Book length makes it harder because people don’t normally expect tables and figures to disturb their reading flow when reading something of book length. Also, the book format means that it is not always possible to insert a table at a precise point (even in print, where pagination is an issue).

So how do you tell a book length story with data? Firstly, be very stingy about the data that you want to show – anything that doesn’t immediately add value should be banished to the appendix. Even the rigour, which academics might be particular about, can be pushed to the end notes (not footnotes, since those can be disruptive to flow as well, turning pages into half pages).

Then, once you know that showing a particular table or graph is inevitable to telling the story, put it either in the beginning or the end of a chapter. This way, it doesn’t break the reader’s flow. Then, refer to individual numbers in the middle of the text without having to put the entire table in there. Unless each and every data point in the table is important, banish it to the endnotes.

One other common mistake (I did it in my piece in Forbes published yesterday) is to put a big table and not talk about it. It only seeks to confuse the reader, who starts looking for explanations for everything in the table in later parts.

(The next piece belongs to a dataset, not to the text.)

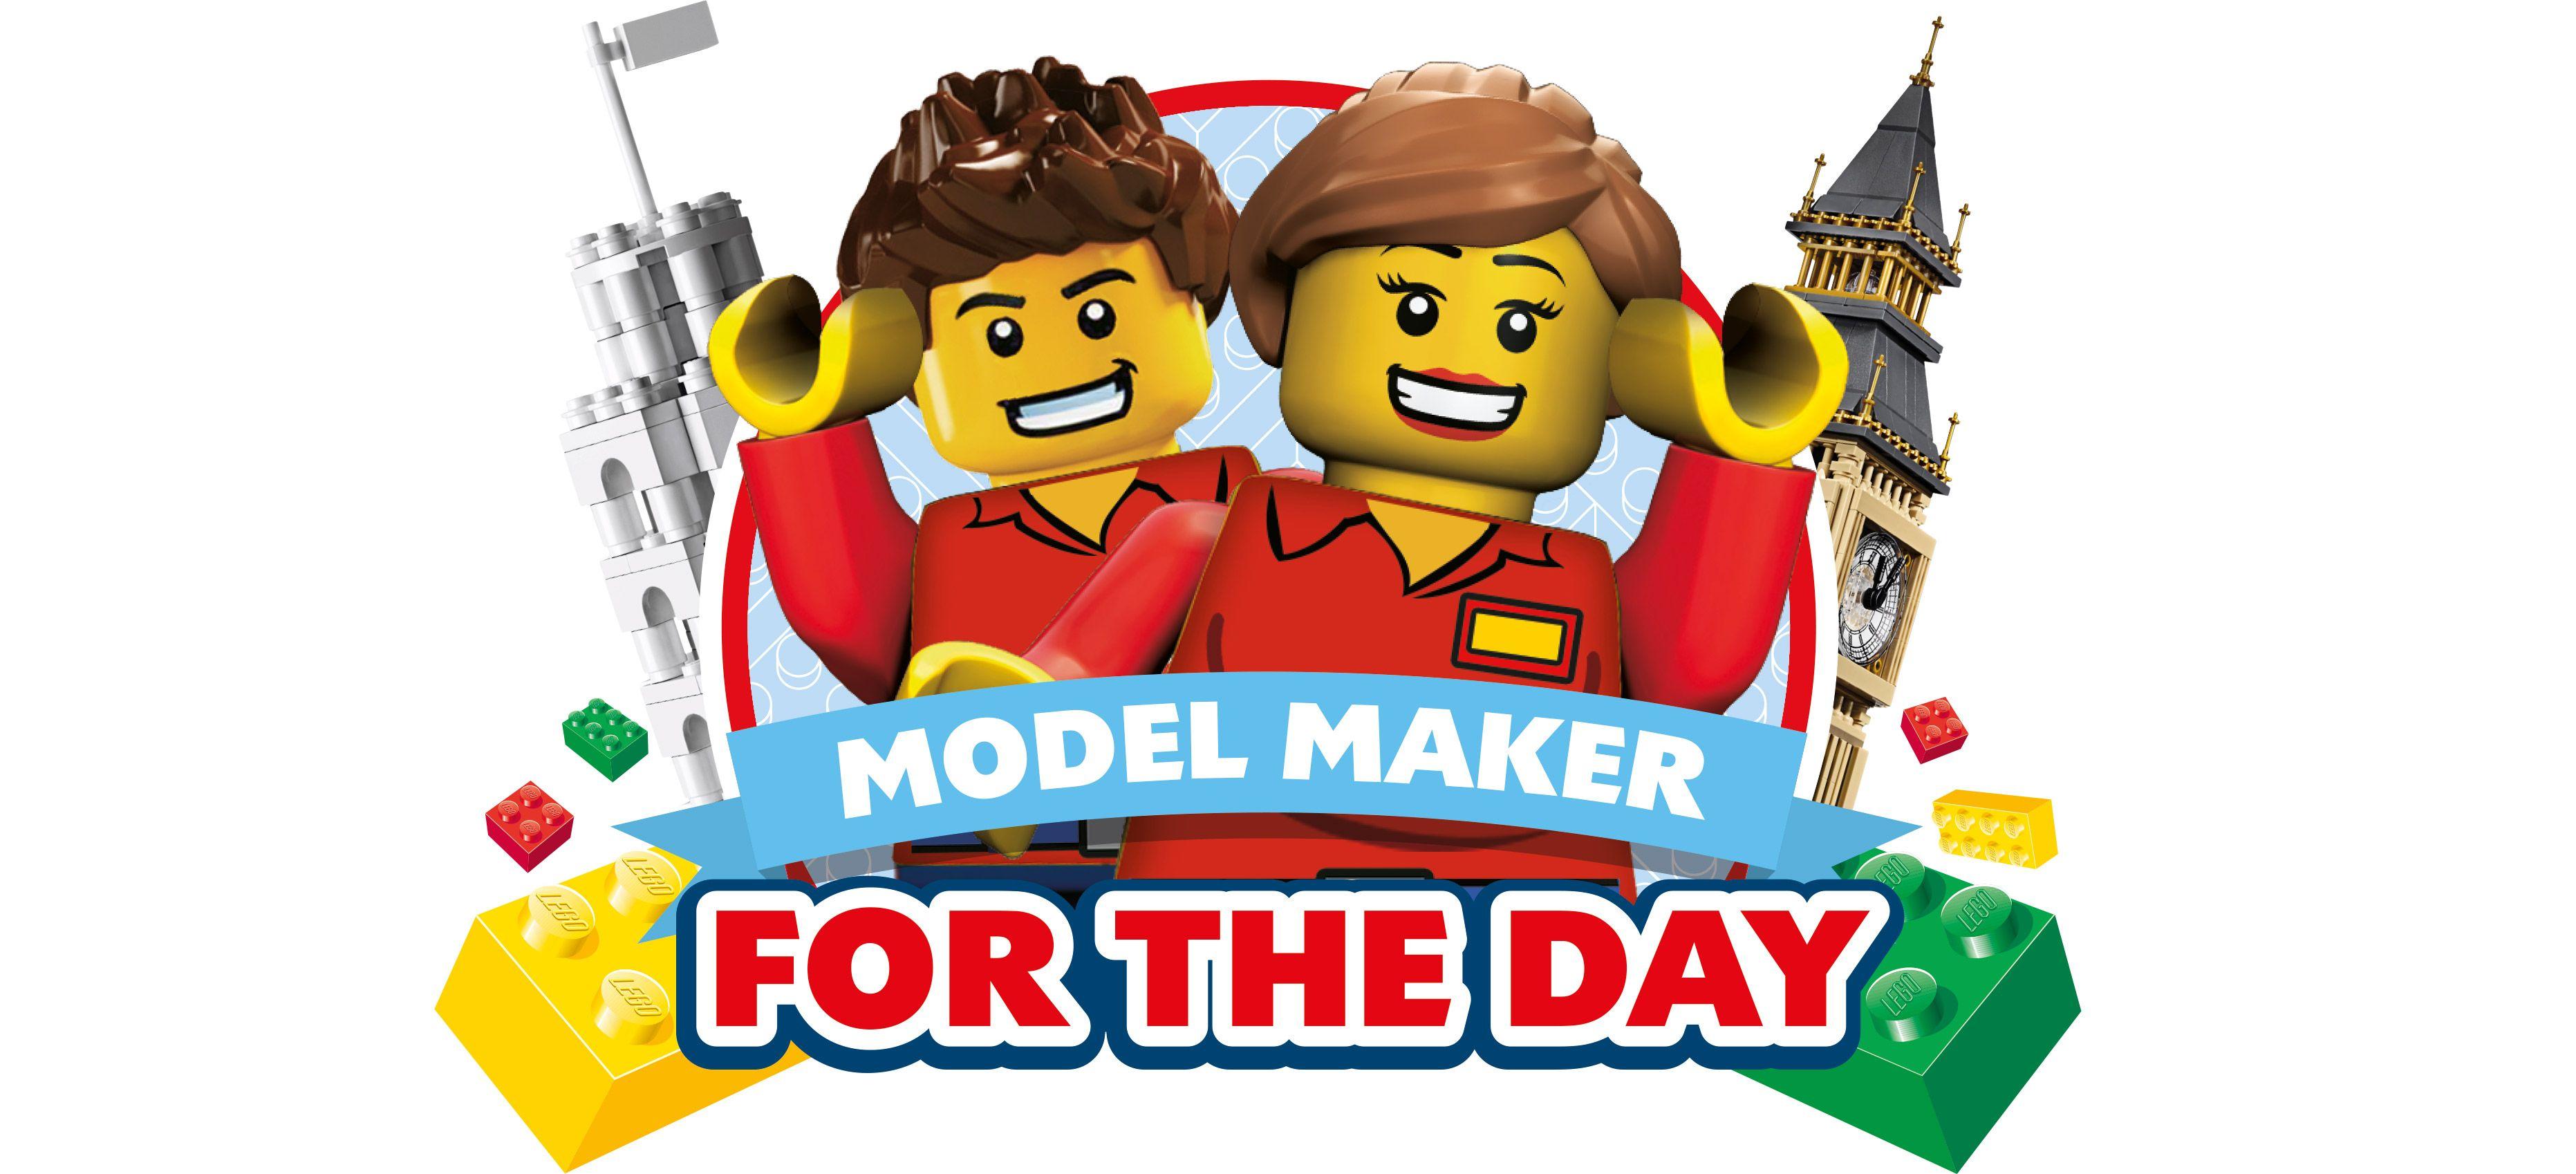 Legoland Logo - Model Maker For The Day - The LEGOLAND® Windsor Resort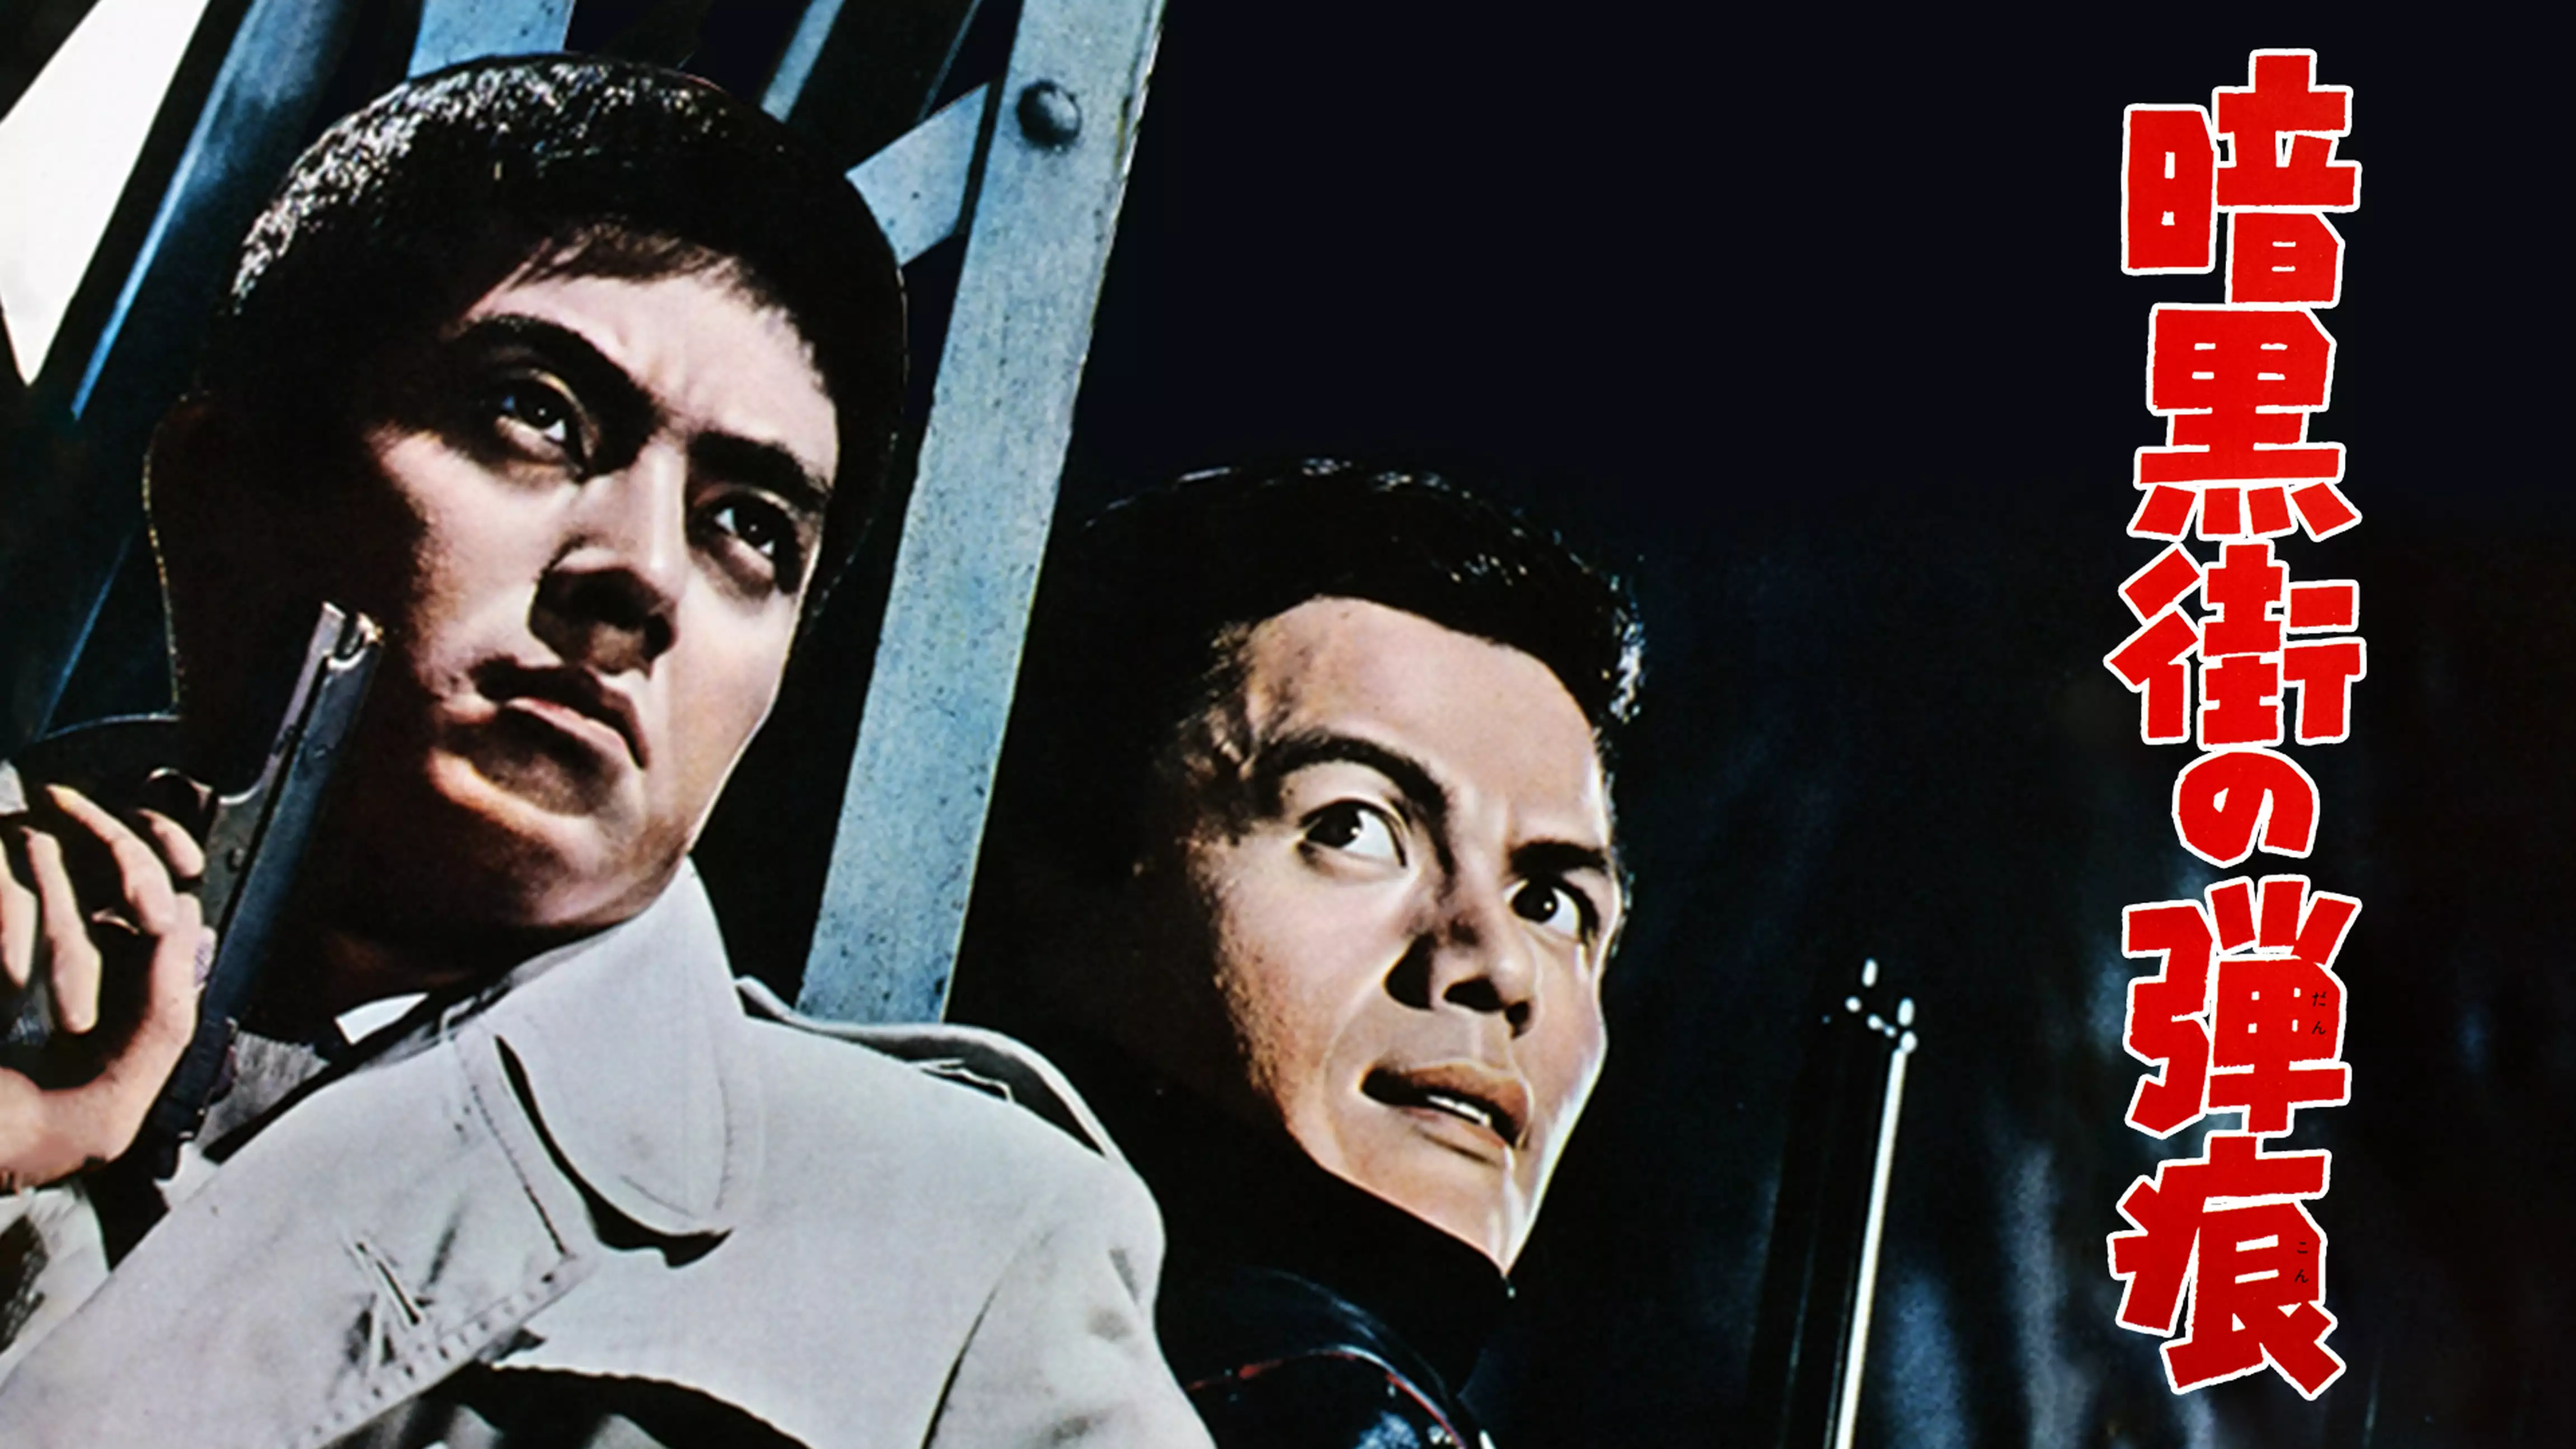 暗黒街の弾痕(邦画 / 1961) - 動画配信 | U-NEXT 31日間無料トライアル

I guess authors and analysts tend to get possessive. If you have worked hard to produce insights from data, you seek to share as much of it as possible. And this can mean simply dumping data all the data in the piece without a regard for what the reader will do with it.

I’m making a note to myself to not repeat this mistake in future.

Data Science and Software Engineering

I’m a data scientist. I’m good with numbers, and handling large and medium sized data sets (that doesn’t mean I’m bad at handling small data sets, of course). The work-related thing that gives me most kicks is to take a bunch of data and through a process of simple analysis, extract information out of it. To twist and turn the data, or to use management jargon “slice and dice”, and see things that aren’t visible to too many people. To formulate hypotheses, and use data to prove or disprove them. To represent data in simple but intuitive formats (i.e. graphs) so as to convey the information I want to convey.

I can count my last three jobs (including my current one) as being results of my quest to become better at data science and modeling. Unfortunately, none of these jobs have turned out particularly well (this includes my current one). The problem has been that in all these jobs, data science has been tightly coupled with software engineering, and I suck at software engineering.

Let me stop for a moment and tell you that I don’t mind programming. In fact, I love programming. I love writing code that makes my job easier, and automates things, and gives me data in formats that I desire. But I hate software engineering. Of writing code within a particular system, or framework. Or adhering to standards that someone else sets for “good code”. Of following processes and making my code usable by some dumbfuck somewhere else who wouldn’t get it if I wrote it the way I wanted. As I’d mentioned earlier, I like coding for myself. I don’t like coding for someone else. And so I suck at software engineering.

Now I wonder if it’s possible at all to decouple data science from software engineering. My instinct tells me that it should be possible. That I need not write production-level code in order to turn my data-based insights into commercially viable form. Unfortunately, in my search around the corporatosphere thus far, I haven’t been able to find something of the sort.

Which makes me wonder if I should create my own niche, rather than hoping for someone else to create it for me.